Posted: August 16, 2012

Outraged area residents have been offering money, praise, and advice to the Delaware County woman whose efforts to voluntarily feed children in her neighborhood have collided with zoning laws.

People pledged more than $3,000 to Angela Prattis of Chester Township on Wednesday, which more than covers the $1,000 she must pay for a zoning hearing to continue distributing food from her driveway next year. She's being permitted to distribute food this summer until Aug. 24.

A Facebook group of 89 people materialized overnight to "help Angela Prattis ... serve the children." And a Center City law firm offered to represent Prattis free.

"It's a gift for us to be able to offer our services to a woman with such integrity," said Michael Tierney, a zoning lawyer with Dilworth Paxson L.L.P. "It's my hope we can work with the township and resolve this so she can feed the children next summer."

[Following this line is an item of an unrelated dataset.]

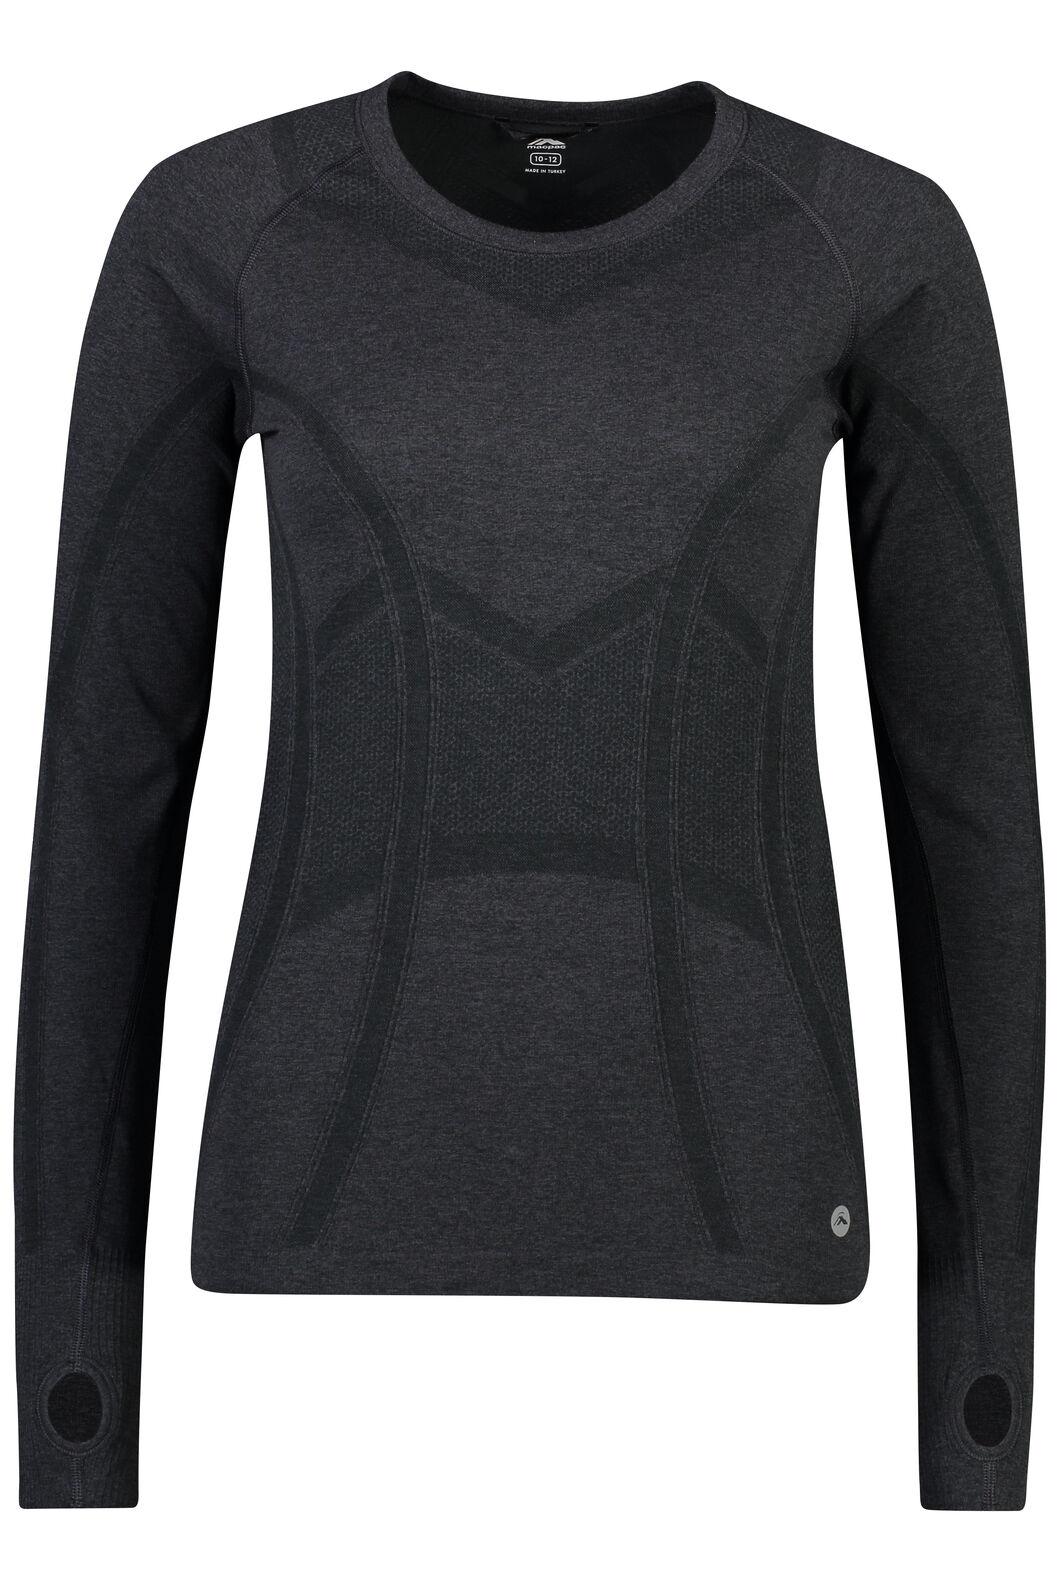 Macpac Limitless Long Sleeve Tee - Women's, Black, hi-res

Tom Morello, 55, a developer who read about Prattis in The Inquirer, said he would give Prattis the $1,000 she will need to pay for the zoning hearing.

"I can't imagine anybody complaining if they see a lady serving food on her driveway," said Morello, who owns Sea Breeze Development, which builds homes in Ocean City, N.J. "That sticks in my craw."

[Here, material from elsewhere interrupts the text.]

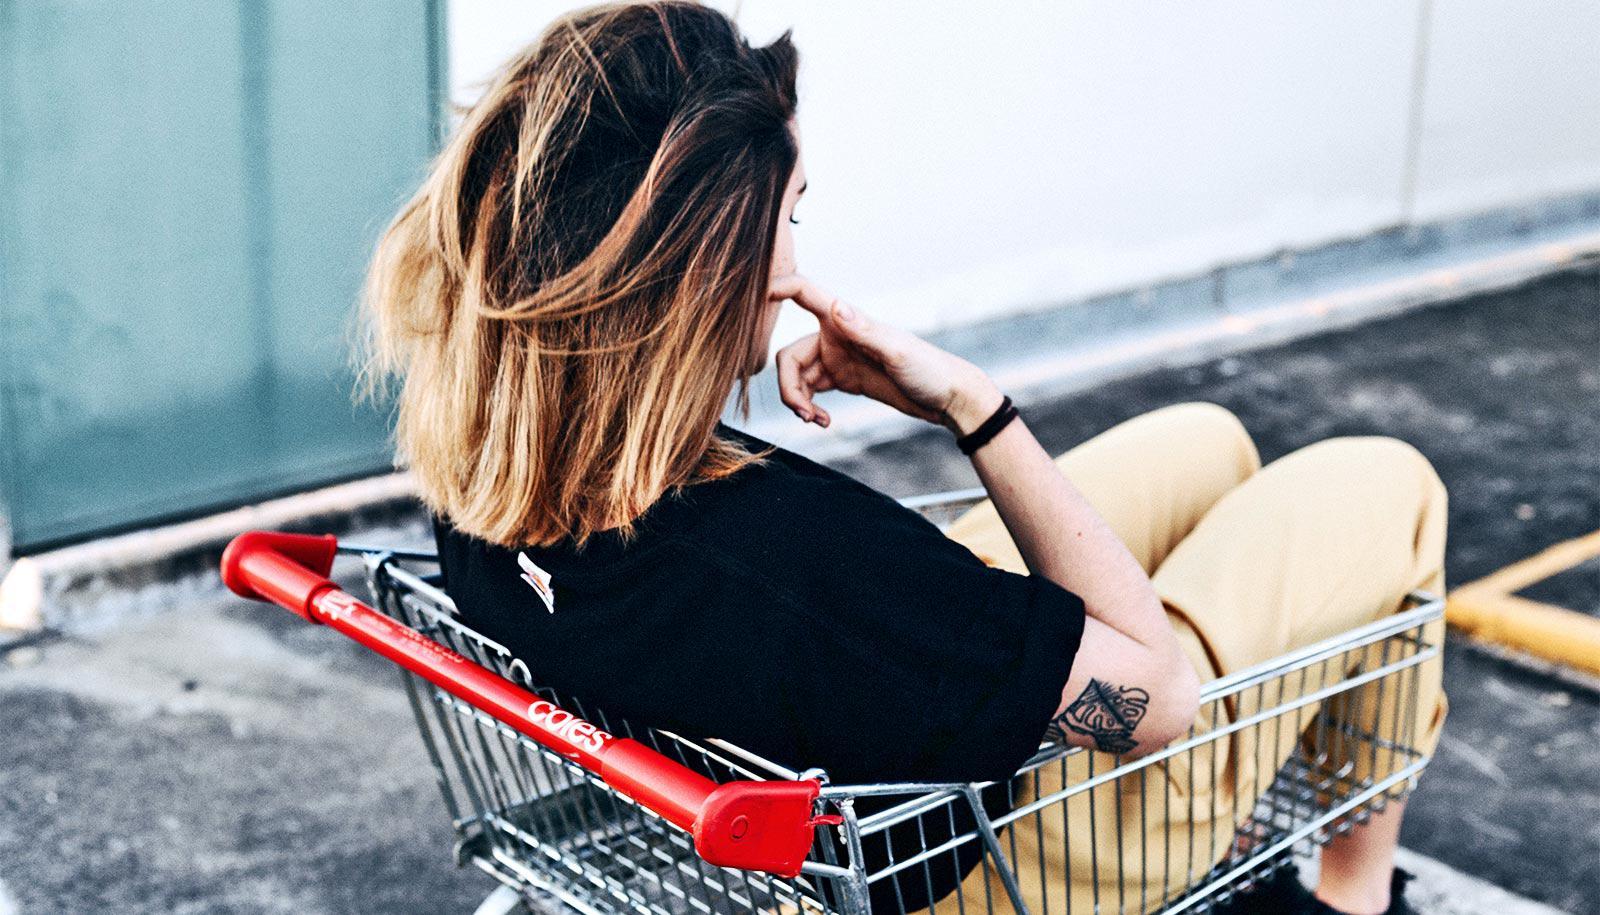 sitting in shopping cart

Another person, who requested anonymity, offered Prattis $1,000, while dozens of others said they would give whatever amount was needed.

"How infuriating that a bureaucracy is thwarting a wonderful endeavor," said Kathy Schilling, 63, a retired teacher living in West Chester.

"Why would they go after a woman like that?" asked Richard Golden, 63, a Jeffersonville building-maintenance engineer. "I couldn't believe what I was reading."

Overwhelmed by the support, Prattis, a married mother of three and a trained volunteer with the Archdiocese of Philadelphia's Nutritional Development Services, which provides the food she gives out, said she's "grateful for offers of help," adding that she's not accepting money yet, hoping the township will waive the zoning fee.

If people still want to give, she said, she may ask them if she could divert the funds to two college scholarships she's setting up for neighborhood children.

Acknowledging that the township has endured a barrage of bad publicity, acting solicitor Murray Eckell said the township must adhere to zoning laws that prohibit food distribution in a residential area.

"Suppose a child gets hurt on her property," Eckell said. "Will the family sue the township? What if somebody gets food poisoning?

"What she [Prattis] is doing is commendable. The township isn't against children getting free food.

"But if we don't have laws, there's chaos. It's a difficult situation for the township to be in."